It has long been known to use stuffing techniques in order to produce a data signal, which is synchronized to a local clock frequency, from an incoming data signal which is asynchronous to the local clock frequency. The synchronized data signal can then conveniently be switched or multiplexed and transmitted with other, similarly synchronized, data signals. For example, an asynchronous DS1 data signal, having a nominal frequency of 1.544Mb/s, may be converted by positive stuffing into a synchronized data signal with a higher frequency than this.
In order to determine when stuffing of data bits is to be effected, it is well known to write the incoming asynchronous data into a cyclic buffer or elastic store, to read the data from the buffer at a slightly later time, and to compare the phase difference between the read and write positions with a threshold level, producing a stuff request signal when the threshold level is exceeded. Data is then stuffed at the next stuffing opportunity, whereby the phase difference no longer exceeds the threshold level. The phase difference determination and threshold level comparison are typically achieved in a very simple manner, for example using only a single flip-flop or a simple logic circuit.

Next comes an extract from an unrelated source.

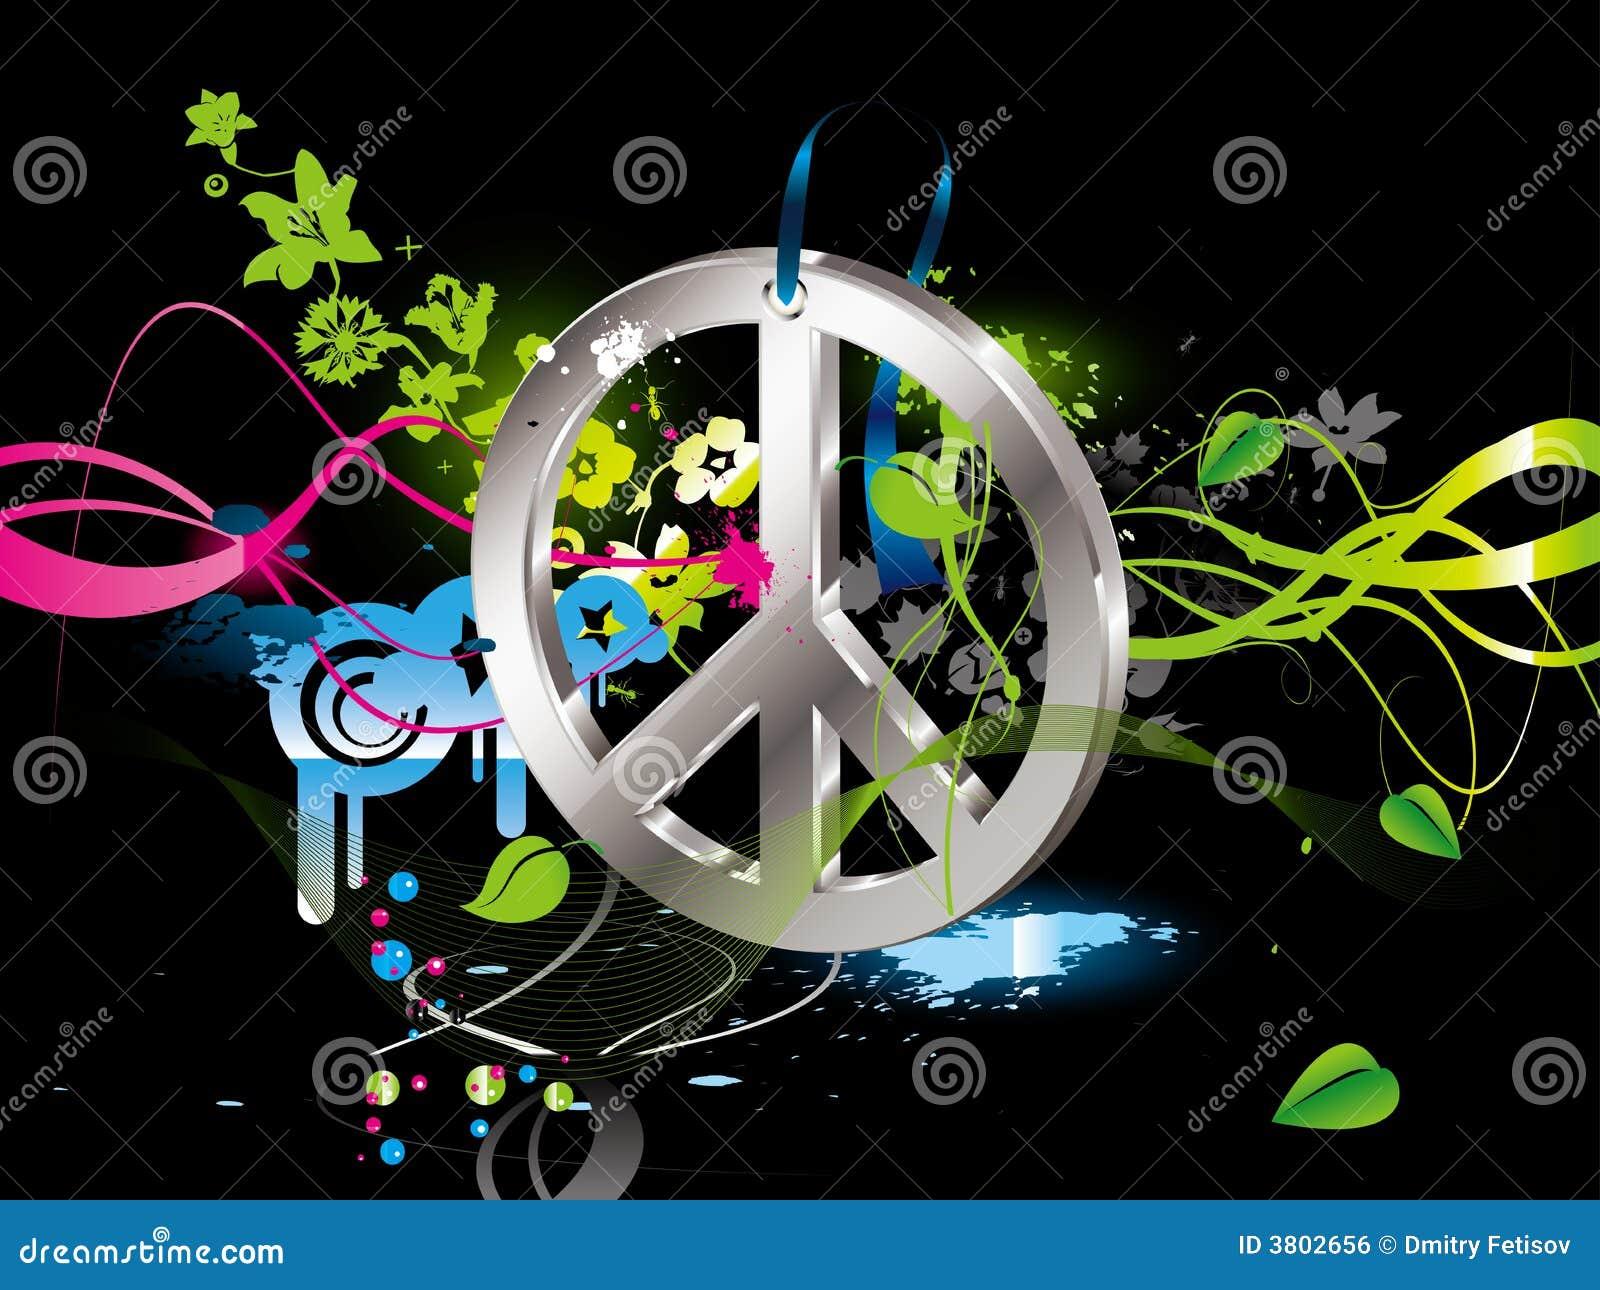 Simbolo Del Hippie Immagine Stock Libera Da Diritti

Synchronous communications networks, using the so-called SONET format, are becoming of increasing importance for the communication of data signals. In the SONET format a so-called STS-1 signal having a bit rate of 51.84Mb/s can accommodate 28 DS1 data signals, which are multiplexed together with overhead information in a byte-interleaved manner. Where the DS1 signals are asynchronous, they must be synchronized before being multiplexed.
In this situation, however, a problem arises in the synchronization process due to the relatively large amount of overhead information in the SONET frame, and the concentration of this overhead information due to byte interleaving, in that the synchronized DS1 signals, produced using known forms of synchronizer as described above, contain unacceptably large amounts of so-called waiting time jitter. This problem has not been recognized hitherto, because in conventional communications networks (e.g. in which DS1 signals are multiplexed to produce DS2 and DS3 signals) there is relatively little overhead information and it is well distributed, so that the waiting time jitter which does occur is well within allowed limits.
In McEachern et al. U.S. Pat. No. 4,791,652 issued Dec. 13, 1988 and No. 4,811,340 issued Mar. 7, 1989, both entitled "Synchronization of Asynchronous Data Signals", there are described methods and apparatus for synchronizing asynchronous data signals for transmission via a SONET communications network. Even using these techniques, however, the waiting time jitter of synchronized DS1 signals can exceed limits which are imposed by existing communications equipment, with which the SONET communications network must interface.
An object of this invention, therefore, is to provide an improved synchronizing method and apparatus in which this problem is reduced or substantially avoided.